Un flirt gâché par un camping-car

Marie-France Garaud passe cinq ans au Parlement de Strasbourg, de 1999 à 2004. Elle écrit et décrit dans Impostures politiques, en 2010 comment la cour de Karlsruhe a su maintenir la constitution allemande au-dessus des traités européens : avec un peu de courage, nos propres constitutionnalistes auraient pu en faire autant. Elle passe chez Frédéric Taddeï, où, citant Jean Bodin, elle explique que la France n’a plus vraiment d’État et n’est plus vraiment un État. Après dix années de chiraco-sarkozysme, elle est de nouveau tentée de flirter avec la gauche, et notamment avec Arnaud Montebourg, candidat aux primaires de 2011 et qui remet au goût du jour des thématiques productivistes et protectionnistes. En décembre 2011, face à Nathalie Kosciusko-Morizet elle termine, chez Yves Calvi, avec le député de Saône-et-Loire, les phrases du Général. La lune de miel avec la gauche de retour au pouvoir est bien courte.
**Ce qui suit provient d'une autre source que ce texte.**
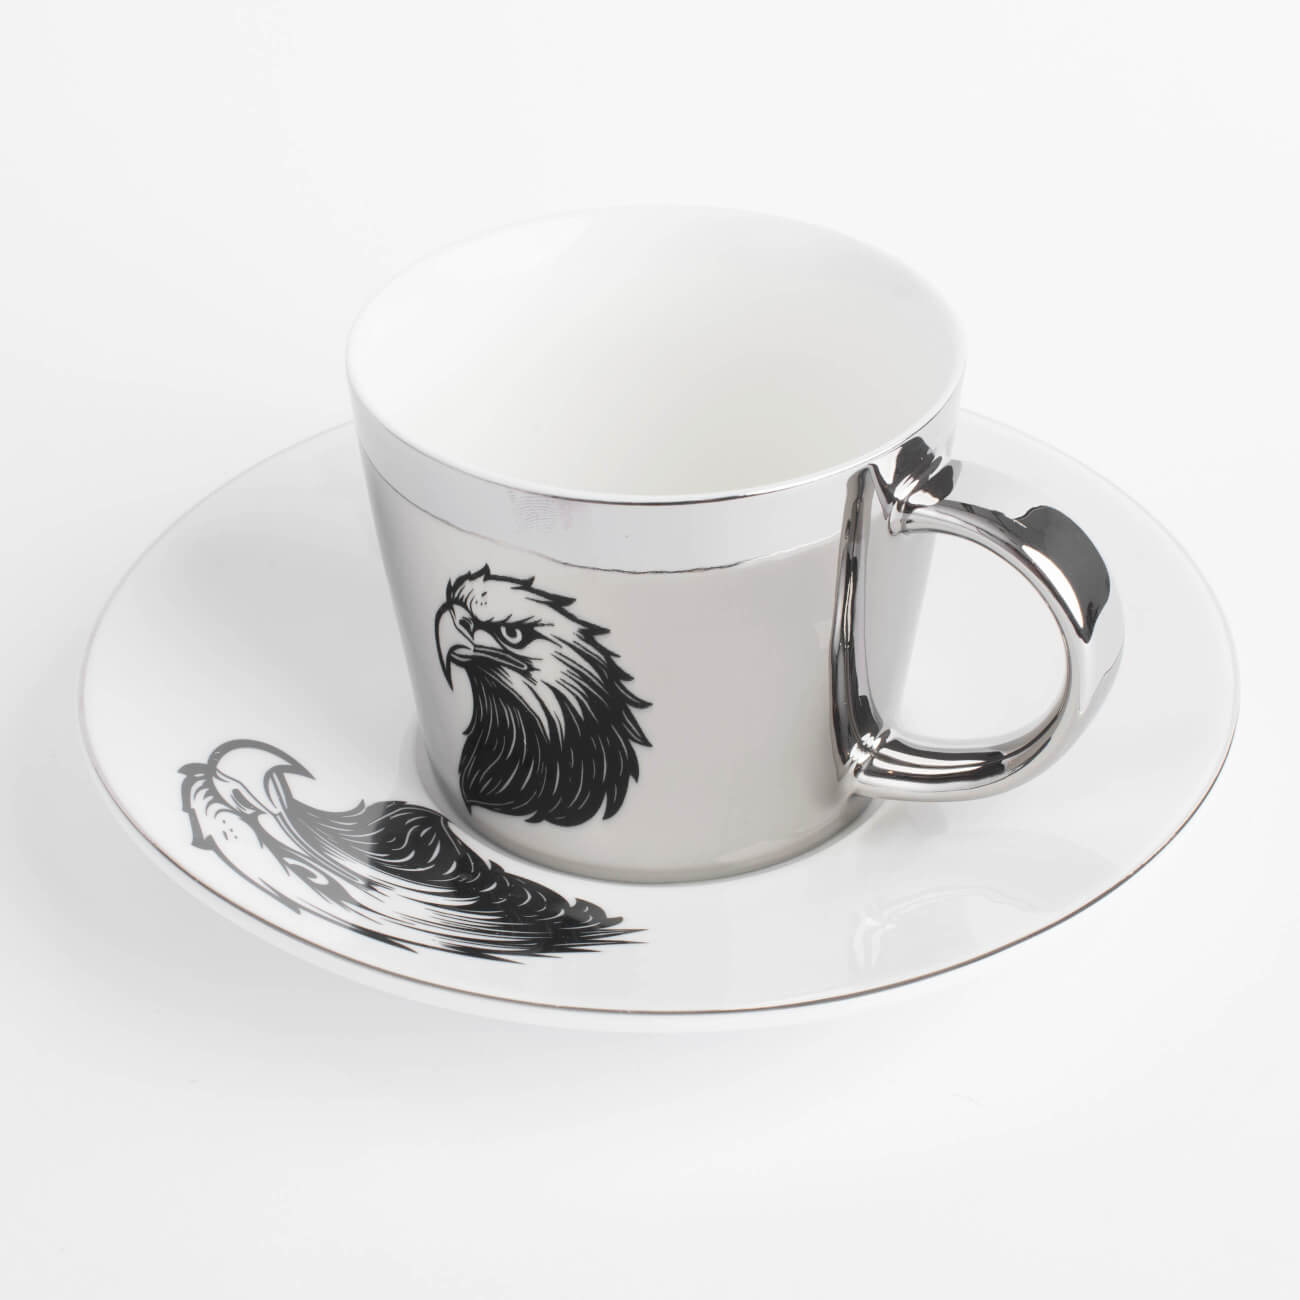 Пара чайная, 1 перс, 2 пр, 230 мл, фарфор P, бело-серебристая, Орел, Eagle портрет звери ные орел большой 72 5 х 40 см

Un proche d’Arnaud Montebourg confie : « Un jour, elle m’appelle : « Vous avez-vu les photos de Jean-Marc Ayrault avec son camping-car ? Vous aussi vous avez un camping-car ? » Je lui ai dit que non mais le mal était fait ». Pour l’ancienne conseillère de Pompidou, c’était la faute de goût de trop.

Femme la plus puissante de la Vème République, d’après Sarah Knafo, elle n’a cependant été élue qu’une fois, en 1999, sur la liste Pasqua-Villiers. Alors que Margaret Thatcher s’apprêtait à botter les fesses des généraux argentins, elle obtenait un score famélique à la présidentielle. Dommage : elle aurait pu être une version à la française de la Première ministre britannique, c’est-à-dire en plus étatiste, et nous aurions pu adapter la chanson du groupe Notsensibles : I’m in love with Marie-France Garaud.